» Recorded information
>>>
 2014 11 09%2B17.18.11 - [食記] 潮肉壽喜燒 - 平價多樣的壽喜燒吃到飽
<<<
>>>
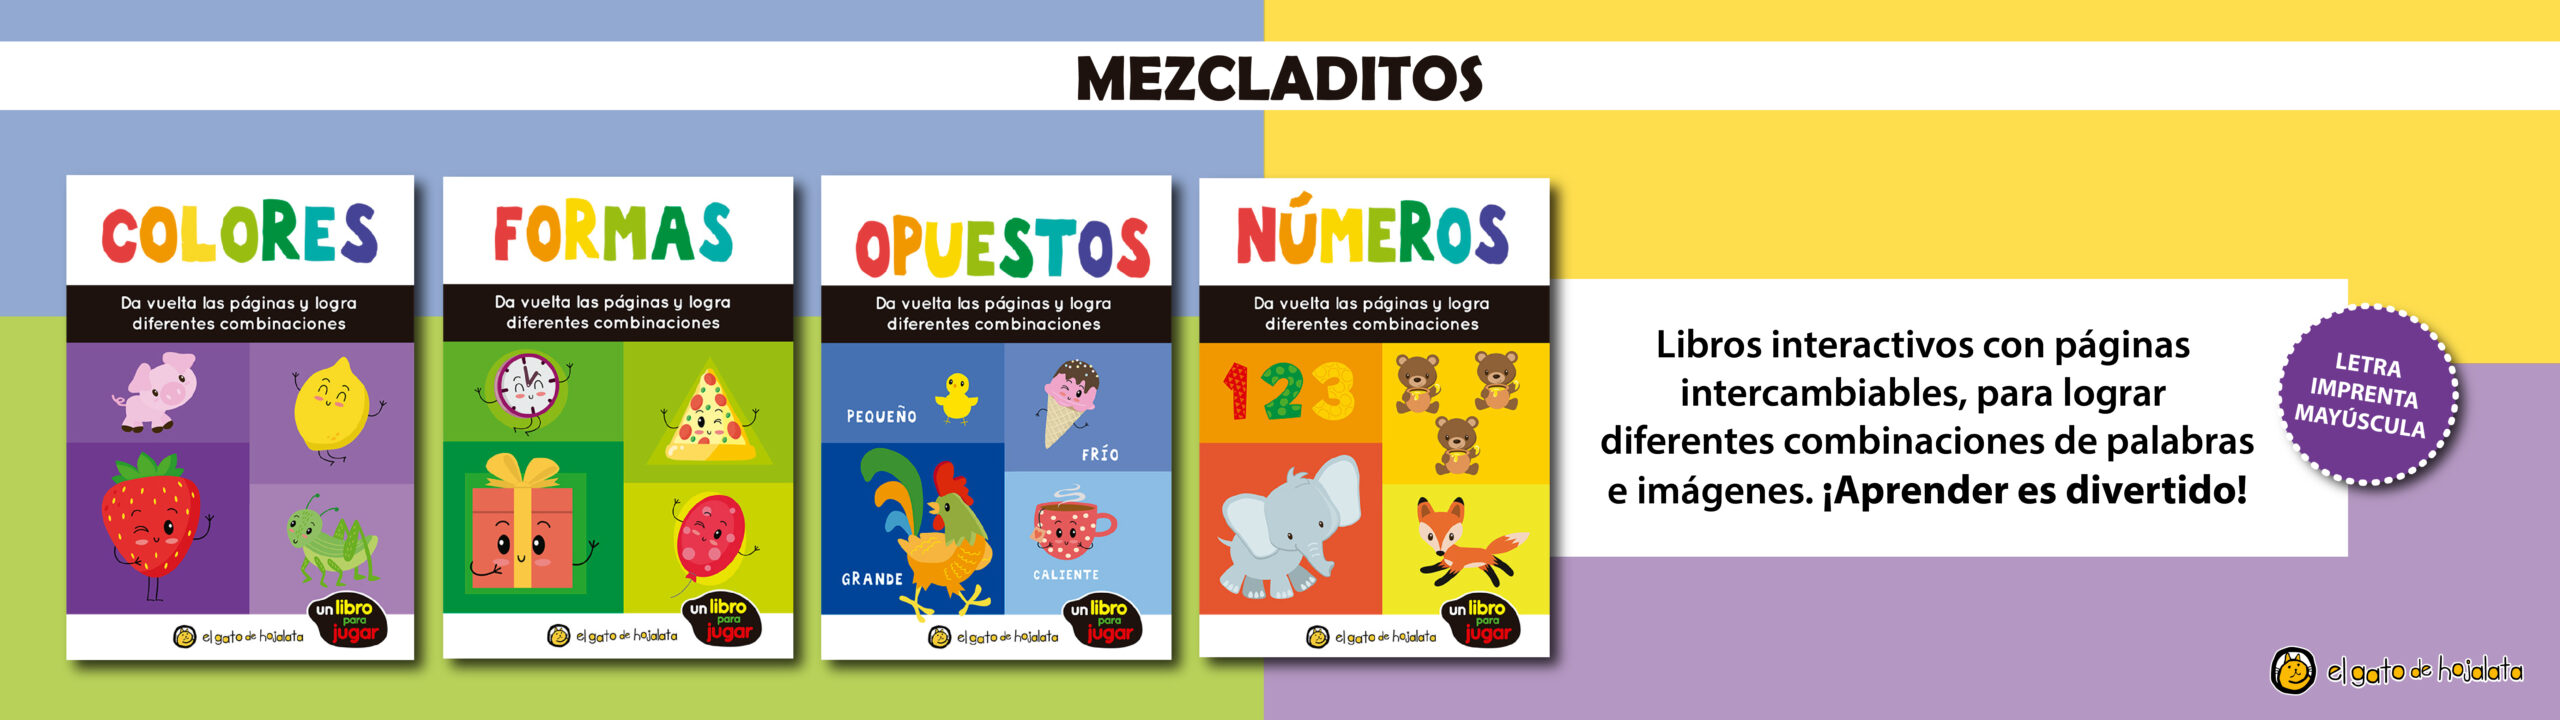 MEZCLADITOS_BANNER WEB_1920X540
<<<
>>>
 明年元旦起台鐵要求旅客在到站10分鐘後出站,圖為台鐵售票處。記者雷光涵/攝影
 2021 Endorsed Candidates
<<<
» Exercise details
What is needed is a verbatim copy of every line in the records above from the one containing "明年元旦起台鐵要求旅客在到站10分鐘後出站,圖為台鐵售票處。記者雷光涵/攝影" down to the one containing "2021 Endorsed Candidates", both included, and nothing more.

» Answer box
 明年元旦起台鐵要求旅客在到站10分鐘後出站,圖為台鐵售票處。記者雷光涵/攝影
 2021 Endorsed Candidates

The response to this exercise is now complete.